Notes about <VC3: Trustworthy Data Analytics in the Cloud using SGX>

Introduction

Typically, cloud users

hope for the following security guarantees:

I Confidentiality and integrity for both code and data; i. e.,

the guarantee that they are not changed by attackers and

that they remain secret.

II Verifiability of execution of the code over the data; i. e.,

the guarantee that their distributed computation globally

ran to completion and was not tampered with.

We present Verifiable Confidential Cloud Computing (VC3),

a MapReduce framework that achieves the security guarantees

(I and II) formulated above, with good performance.

Our threat model accounts for powerful adversaries that may control

the whole cloud provider’s software and hardware infrastructure,

except for the certified physical processors involved in

the computation.

Denial-of-service, side-channels, and trafficanalysis

attacks are outside the scope of this work.

To keep the TCB small in our design, users simply write the usual map and reduce functions in C++, encrypt them, bind them to a small amount of code that implements our cryptographic protocols, and finally upload the code to the cloud.
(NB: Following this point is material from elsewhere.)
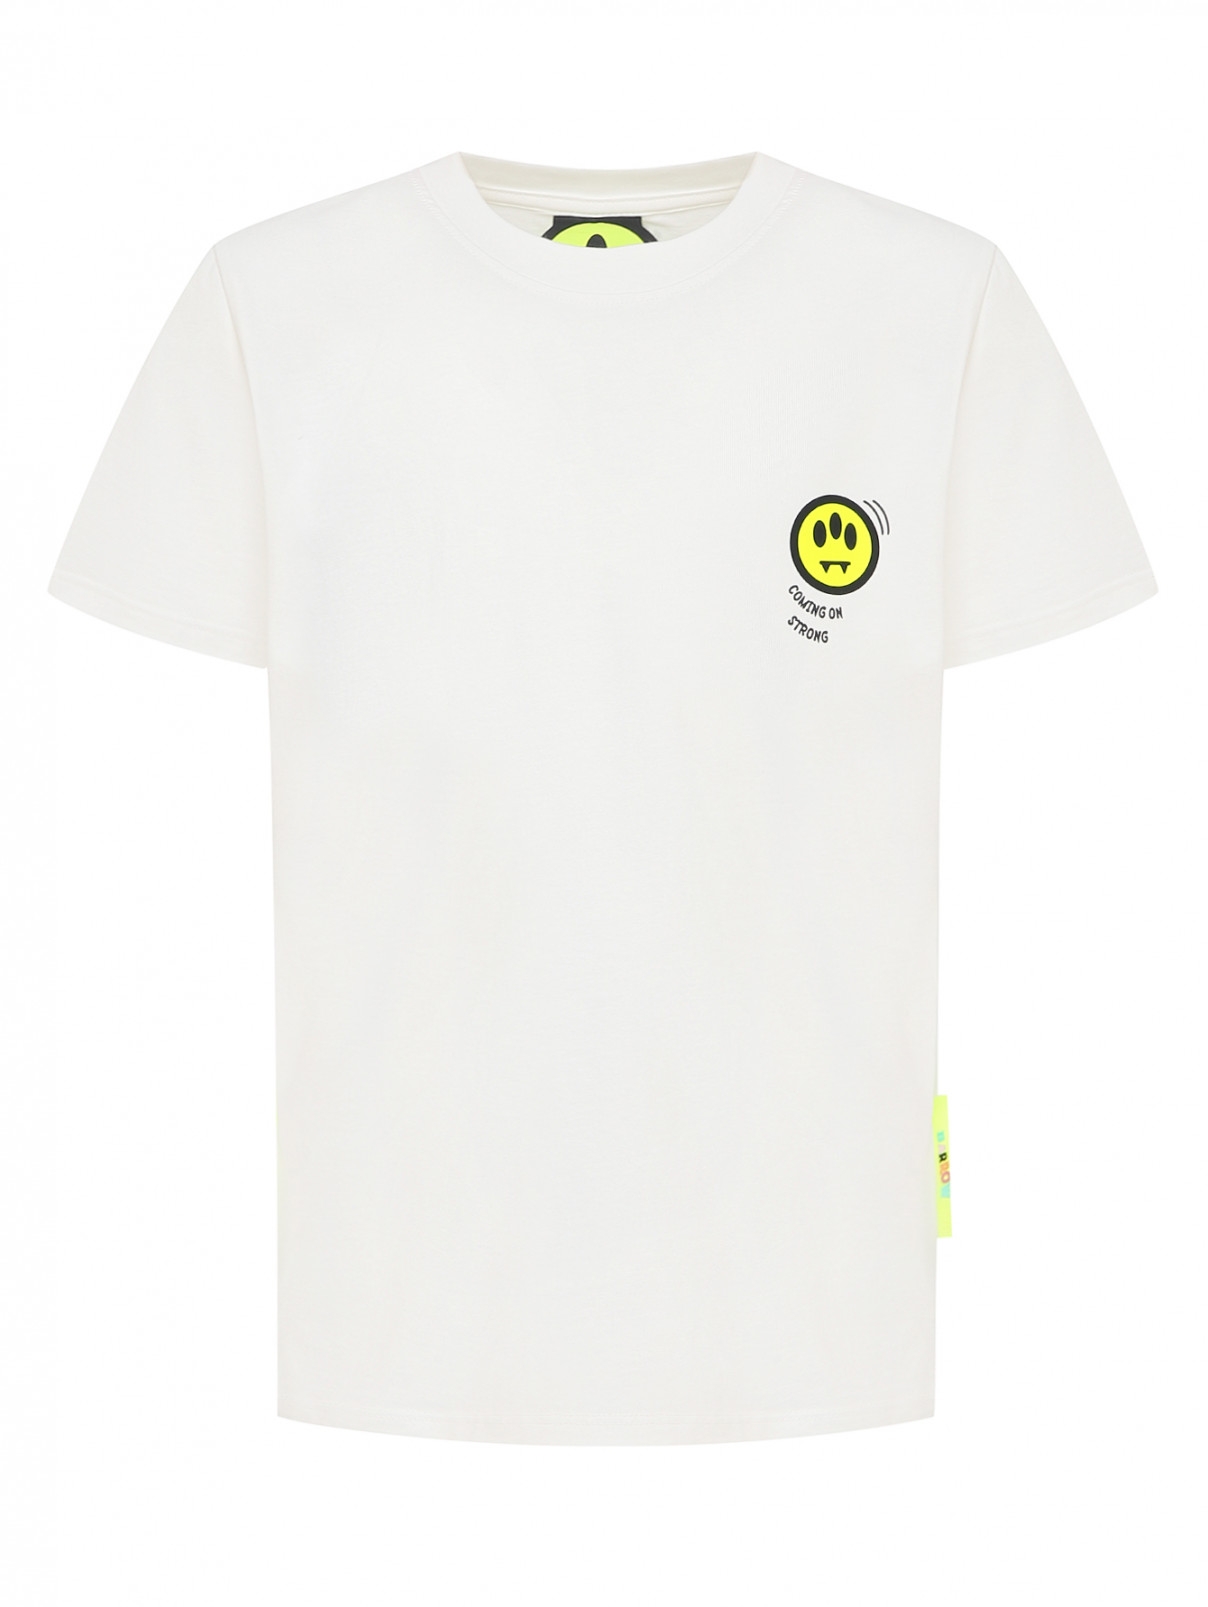 Хлопковая футболка с принтом Barrow Kids  –  Общий вид  – Цвет:  Белый

On each worker node, the cloud operating system loads the code into a secure region within the address space of a process and makes use of the security mechanisms of SGX processors to make the region inaccessible to the operating system and the

hypervisor.

Subsequently, the code inside the region runs our key exchange protocol, decrypts the map and reduce functions, and runs the distributed computation that processes the data.

The second challenge is to guarantee integrity for the whole

distributed computation, since the processors guarantee only

integrity of memory regions on individual computers.

The final challenge is to protect the code running in the

isolated memory regions from attacks due to unsafe memory

accesses.

Background

Cryptographic Assumptions

EDigest(C) : for the SGX digest of an enclave’s initial content C. We refer to C as the code identity of an enclave. Intuitively, EDigest provides collision resistance;

ESigp[C]{text}: for a quote from a QE with identity P that jointly signs H(text) and the EDigest(C) on behalf of an enclave with code identity C.